### [SOURCE MATERIAL]
::::

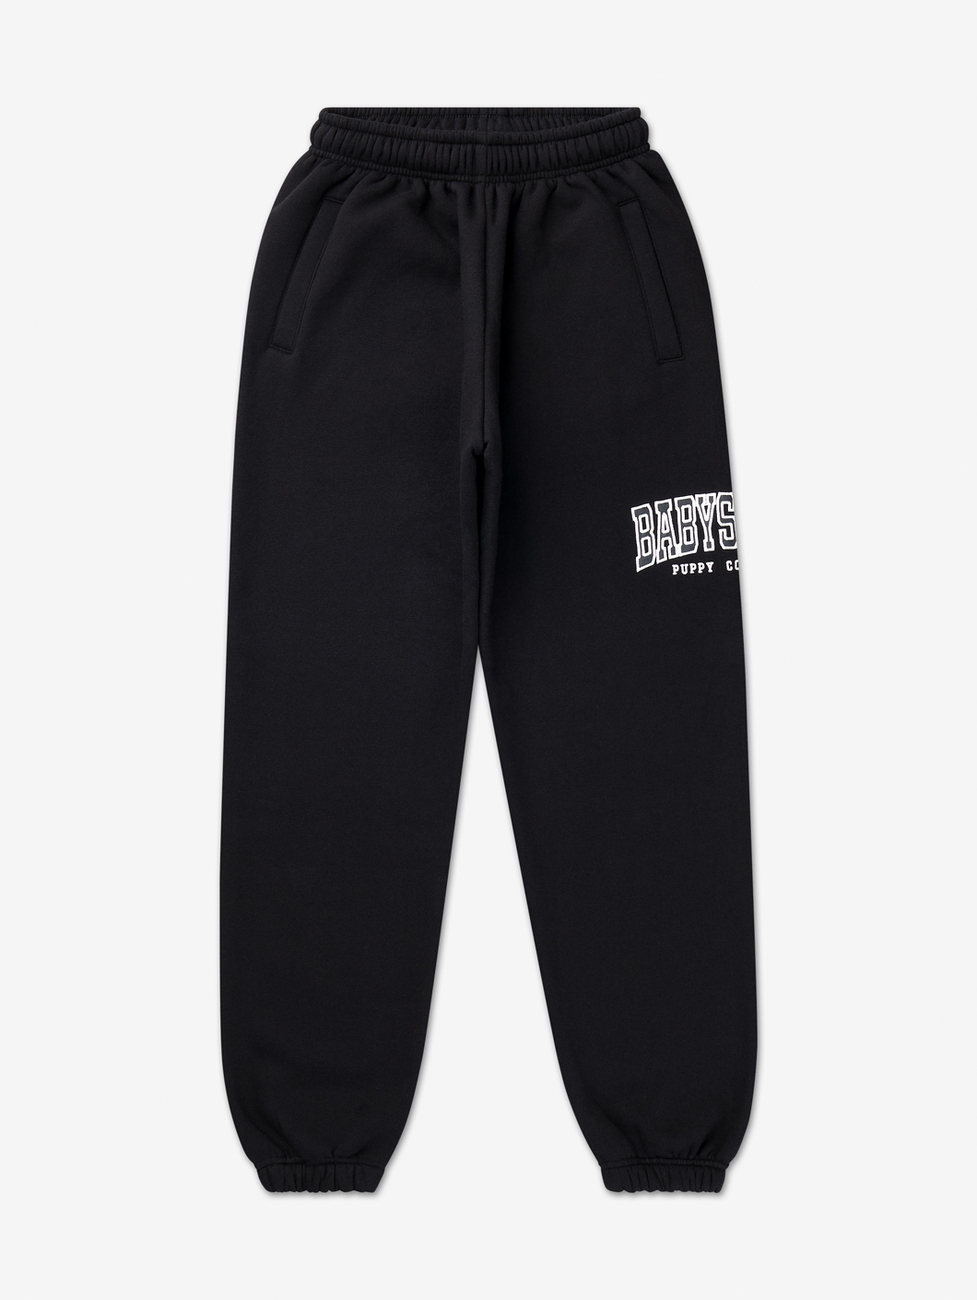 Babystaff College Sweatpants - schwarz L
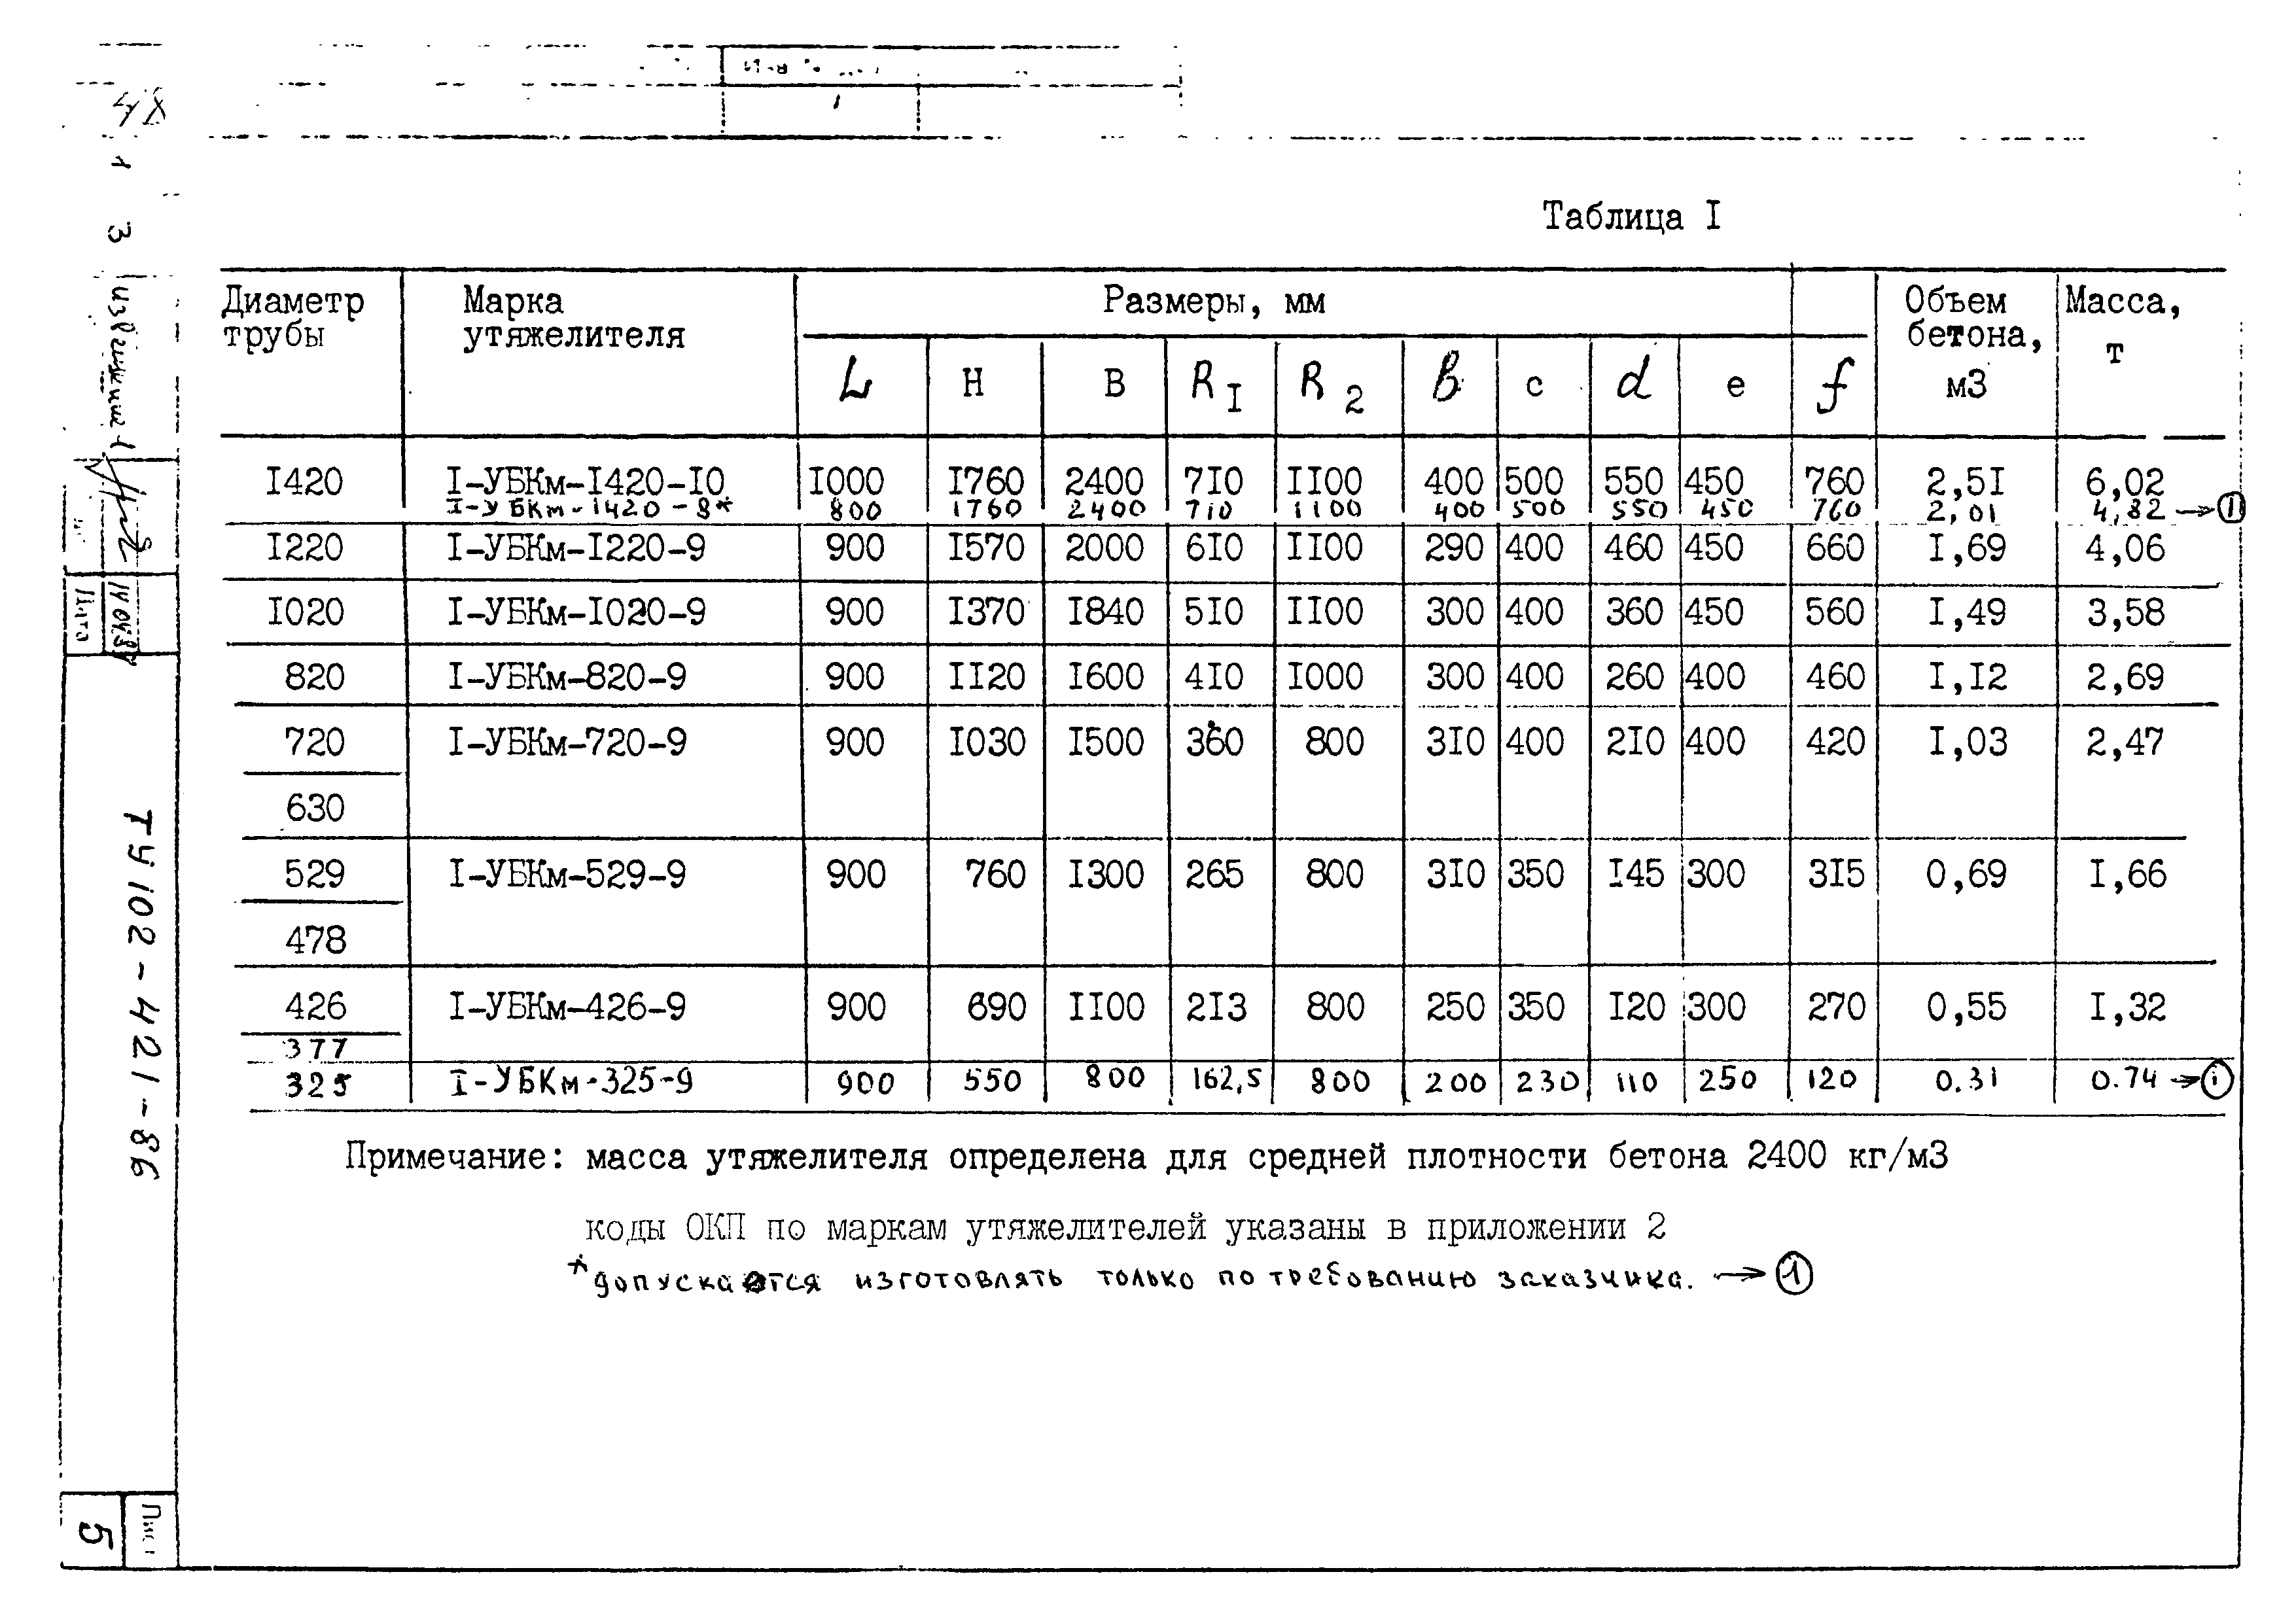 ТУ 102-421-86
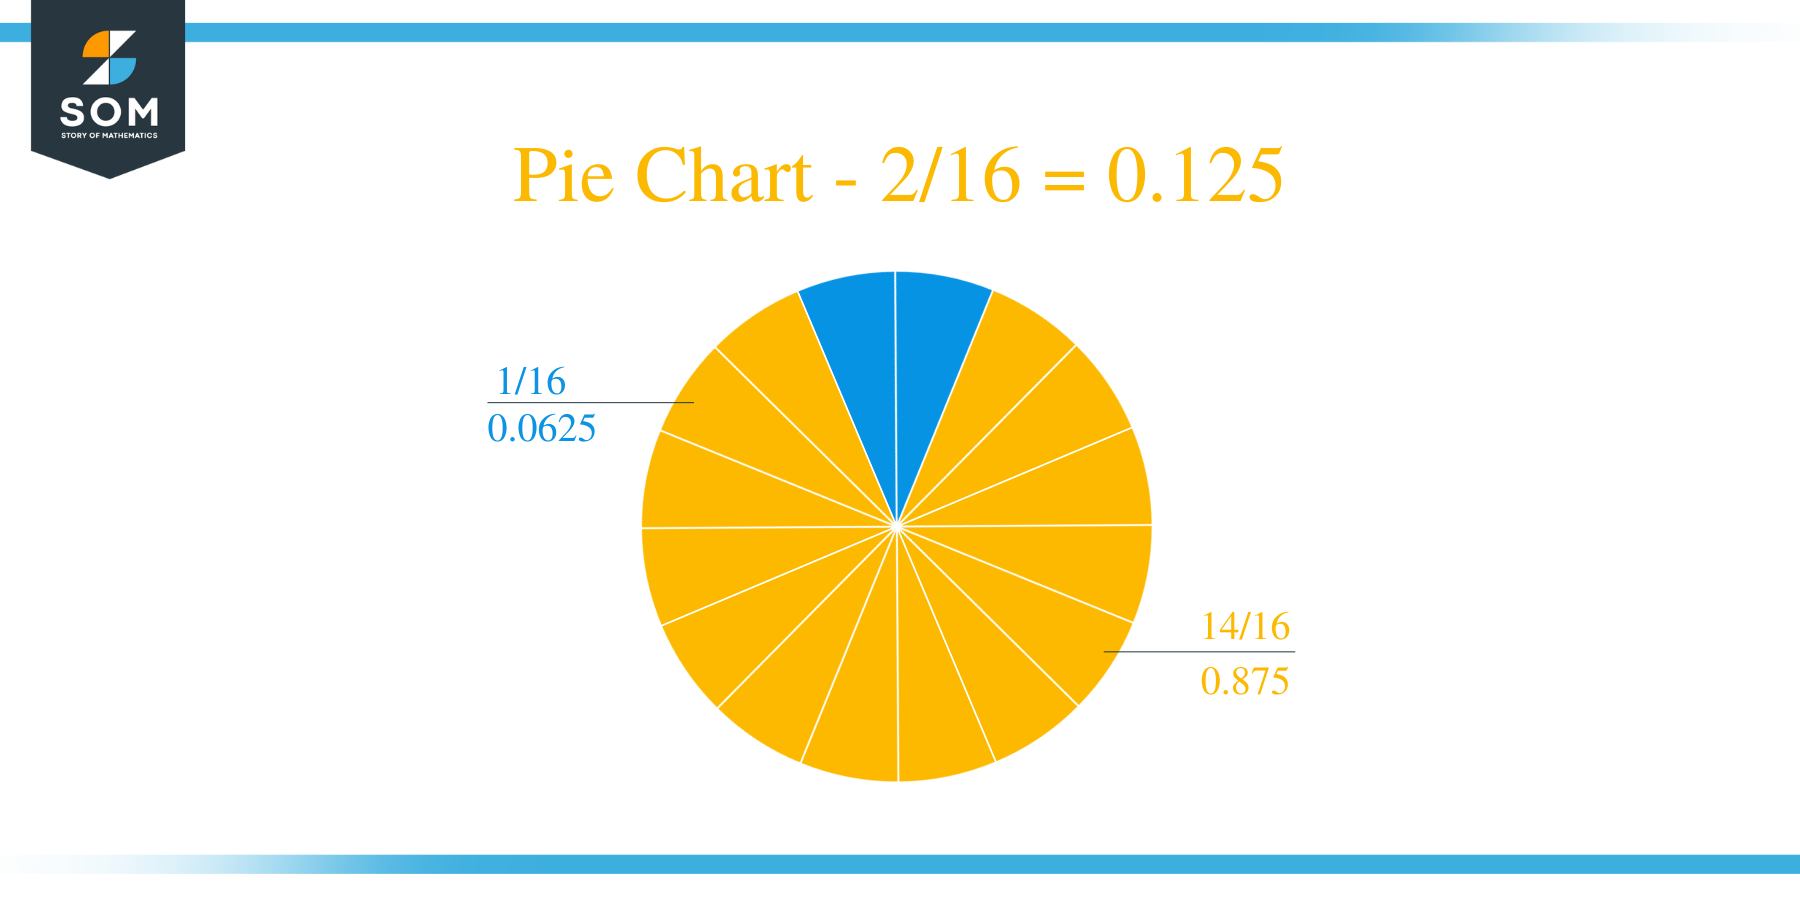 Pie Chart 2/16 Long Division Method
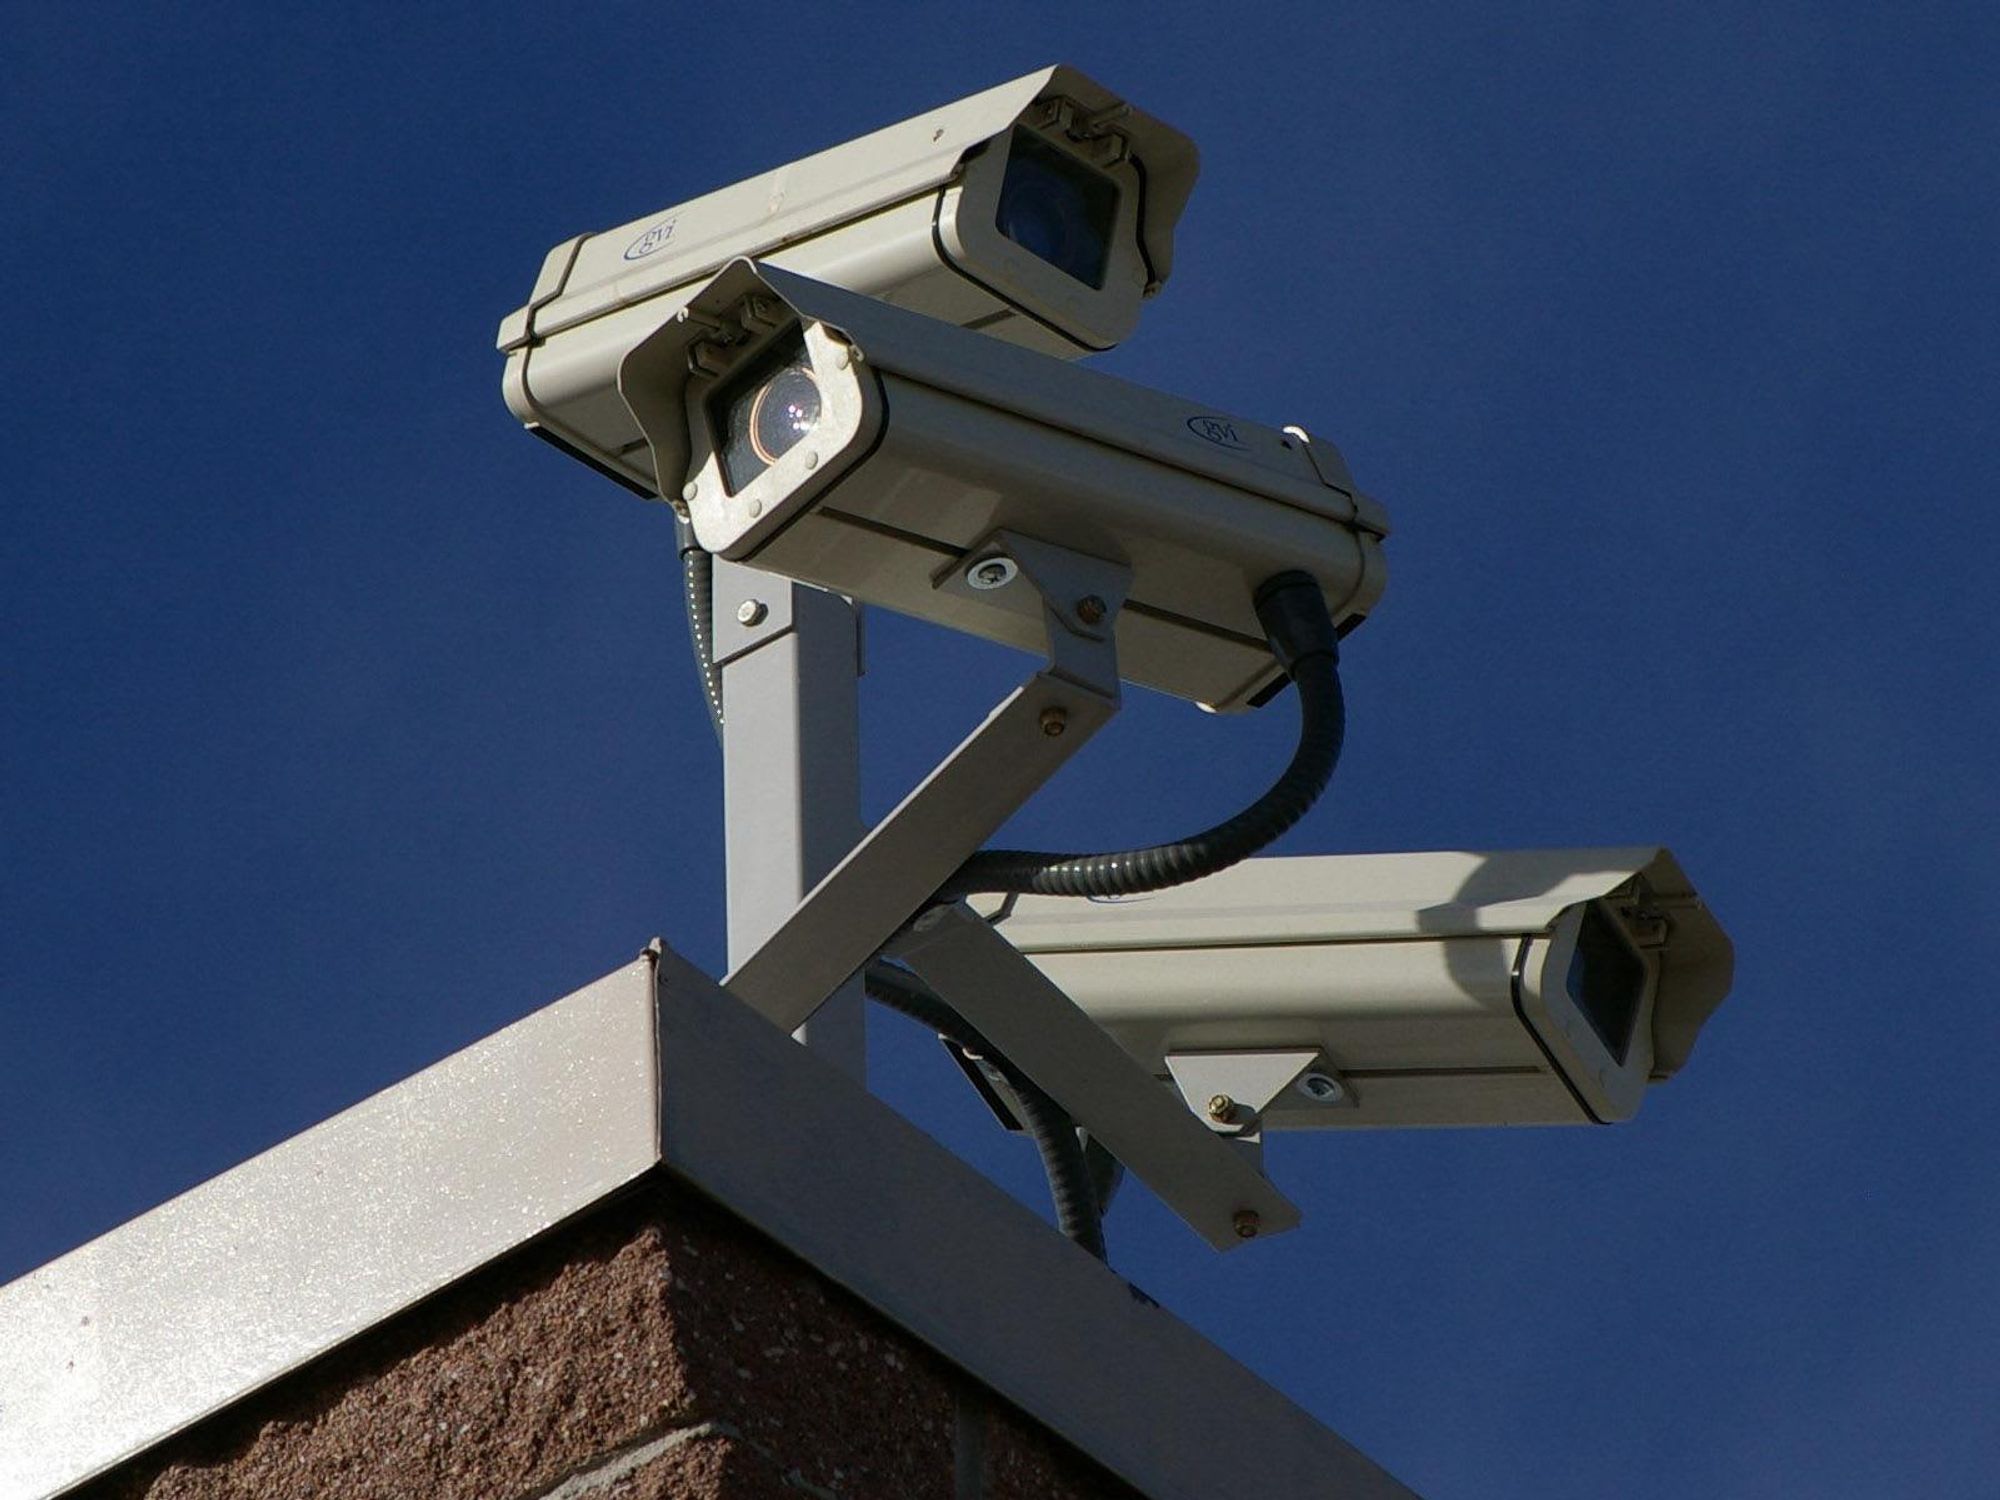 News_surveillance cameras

::::

### [PROBLEM DESCRIPTION]
Without changing a word, transcribe all of the data and omit its images.

### [WRITTEN SOLUTION]
 Babystaff College Sweatpants - schwarz L
 ТУ 102-421-86
 Pie Chart 2/16 Long Division Method
 News_surveillance cameras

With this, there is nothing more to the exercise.